Obviously our grandma was an independent free-spirited personality. Perhaps a determination somewhat before her time in a society struggling to retain its conservative roots.  However she seemed to have managed to successfully grow up to graduate from a teachers school in Fredericton and work for a year or two as teacher in NB – and then muster the courage to ‘emigrate’ to Kindersley Saskatchewan by 1913. 

She must have left her childhood home in Hopewell Hill as a teenager for studies. An amazing,  and character strong woman even then!

 


Taken at Fort Beausejour indicating an interest in the gruesome Acadien history

 


The road to or from Hopewell Hill

 

"Emigrating" To Kindersley Saskatchewan 1913
4043 km west


Typical prairie country school at that time

Saskatchewan was formed and opened for settlement 1905

 

One must remember that the province our grandma came to just 8 years later in 1913  lacked most of the functions that one normaly expects in an operating society.  Schools, health care, roads etc etc.  The little country community she came to had put an ad in a news paper in Fredericton seeking a teacher ... They had built the school on their own and now needed a teacher.


A year later our grandmother married a farmer in the same community - Alfred Hopkins -- ´They had 4 children .. my mother was the 4th child born 1921-09-03. Three months after her birth my grandfather passed away.

Apparently after the first world war, soldiers returning from Europe brought the pandemic Spanish flu ... Although my grandfather wasn't in the military, it was determined that this is what he died of after a lengthy illness.

 

 


The homested that the 4 girls were born


Alfred Edgar Hopkins
1884 -1922

This picture must have been taken around the time that grandpa passed away as we know that mom was just 3 months old when he died.


A random picture of grandma on the doorstep of her home

 

Obviously, her husbands passing was a major life tragedy for grandma .. now a single mother with 4 small children .. With a farm that she had no possiblity of operating, she was forced to sell and with the money she received she could buy a small house in the little town of Kindersley close by.  The town of Kindersley gave her a part time job of doing  accounting for the town and she was able to get odd jobs helping at the hospital and doing other cleaning work in town.

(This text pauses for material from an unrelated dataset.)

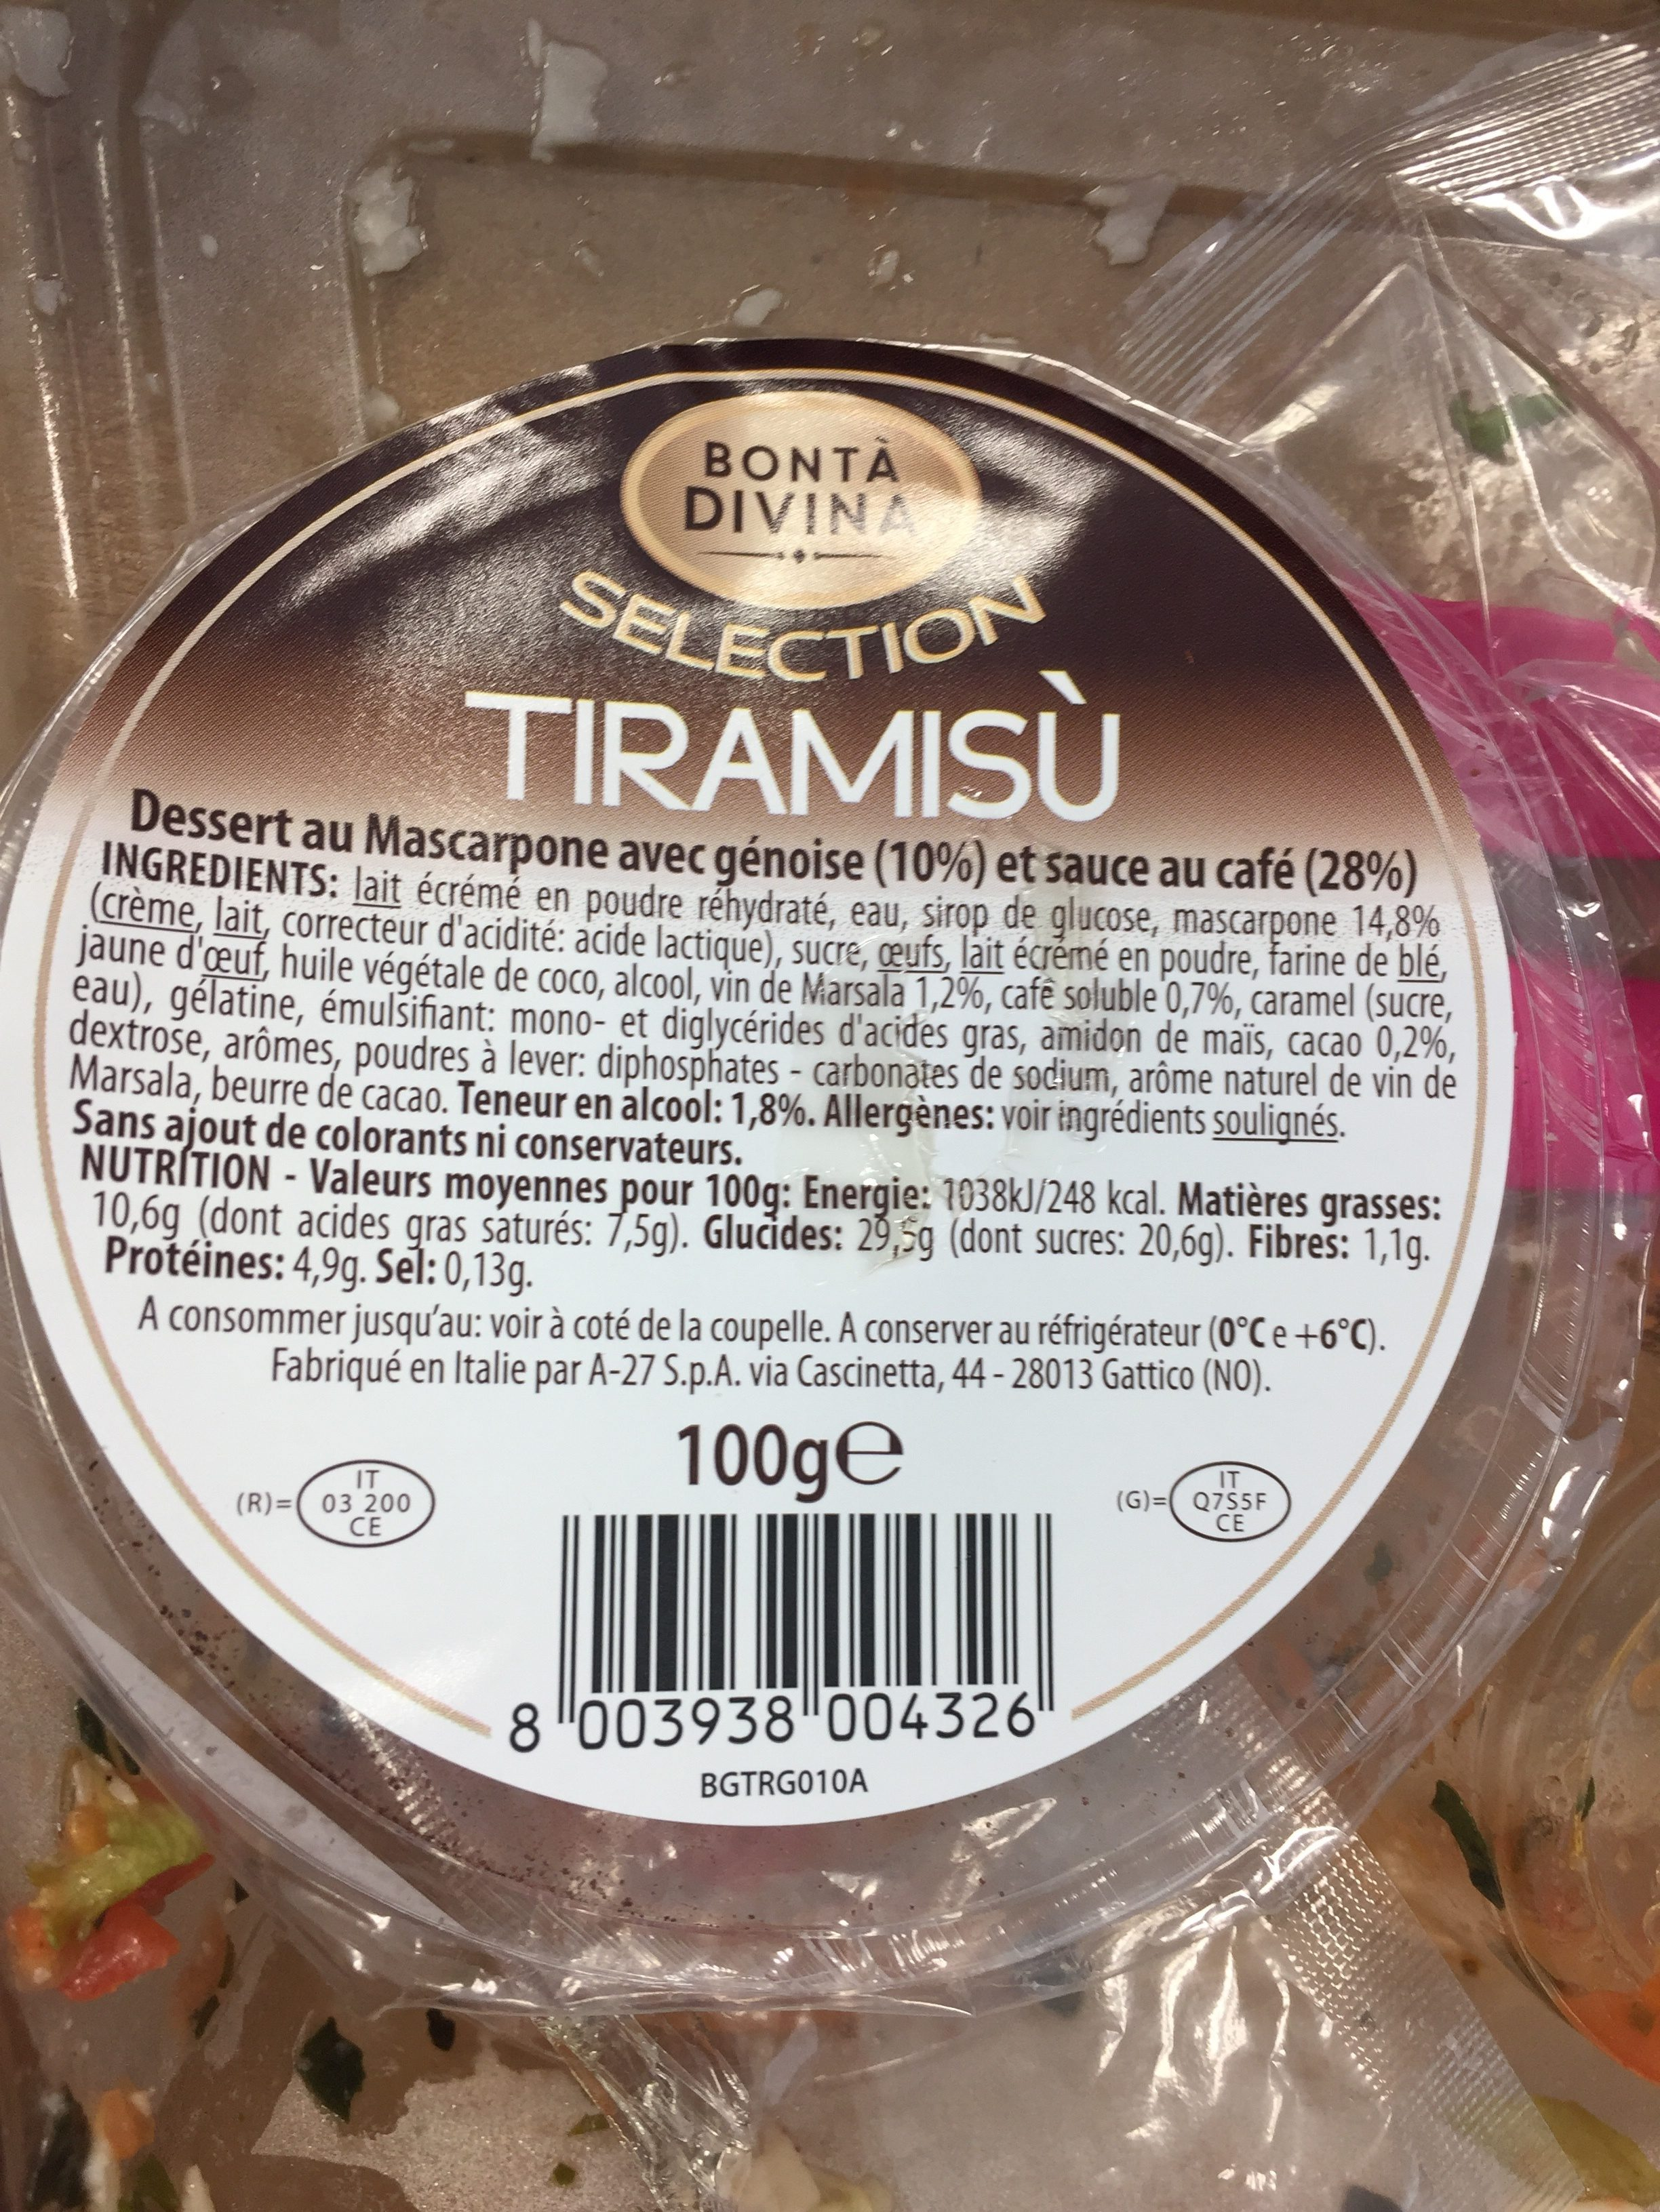 Bonta Divina Selection Tiramisu le pot de 100 g - Ingredients

Her quiet will to survive, and even in less than optimal circumstances, to give the very best life and oportunities she could to her girls is amazing.  ...  Her undisputable sucess in this purpose says a lot about the character that drove her.

I remember my mom telling me that her mother often told them as girls .. "Please don't regard our family as 'poor'. We are rich together in everything that matters


Grandma and her girls


A family that gave grandmas girls a 'summer vacation' spot in the country

     
     

I don't have alot of information of the teenage years of these 4 girls ..but do know that they all turned out to be wonderful persons and all of them left their home with grandma to build families that were an important part of my upbringing. I believe I had 18 cousins from that side of the family.

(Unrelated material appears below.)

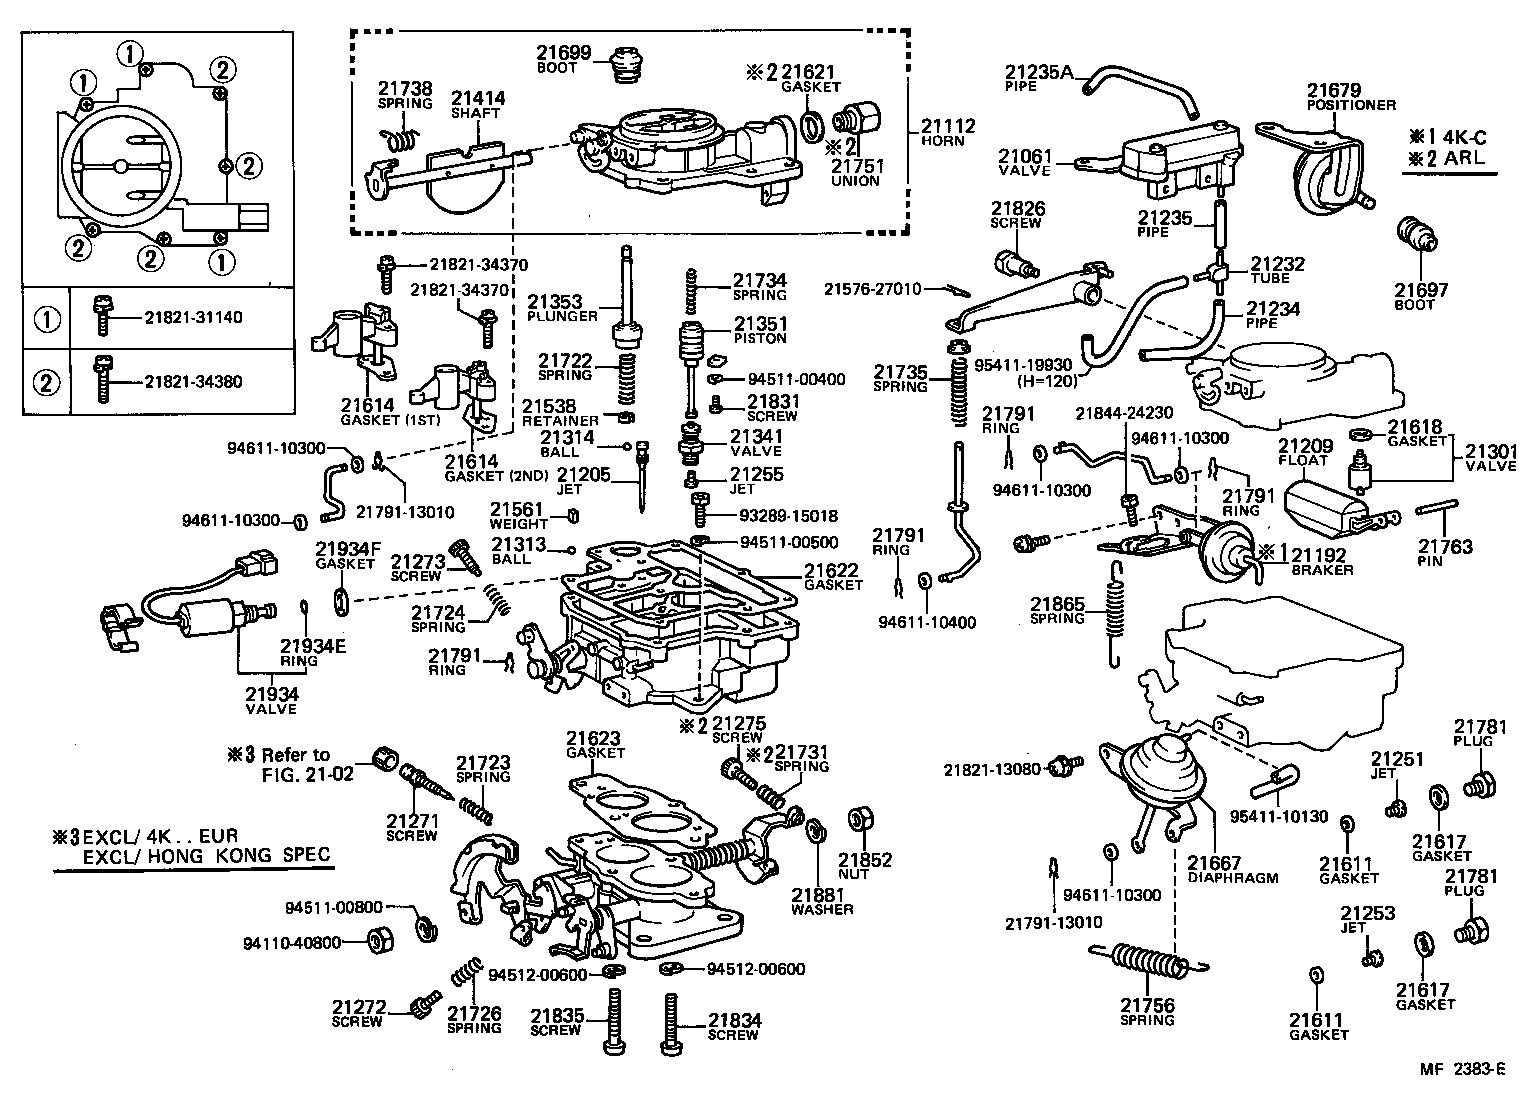 toyota liteacekm20rv-jrbe - tool-engine-fuel

Apparently grandma had said she would't remarry until all her girls had become adults on their own.


Mai, Jean, Charlotte and my mom Ruth with their mother in the middle.

     


Grandmas wedding picture with Ernie Atkinson

This is where my personal  memories of grandma began.  At the farm outside Kindersley where Ernie farmed. 


Me and grandma at Ernies farm

 


Mom and Jean with Grandma and Ernie at Ernies  farm

 


 Helen and I in grandmas front yard in Calgary

Grandma and Ernie moved to Calgary the late 1950s and that is where most of my memories of grandma Atkinson are from. This is the only picture I have from Calgary .  Even just the gate brings memories!  We lived with grandma and Ernie a few winters in the early 50s when dad worked in Calgary with a ventilation company. 

Her quiet and careful way made impressions on me even as a small boy ... But It is first now, as an adult that I have taken the time to think and understand the depth of character that she has tried to pass  on to us. Not only through our mother ... but also in the memories she left behind hidden in our own personal history.

 

 
 

She passed away 1983-07-14 at 93 years old -- I lived in Sweden then so wasn't able to be at the funeral in Calgary.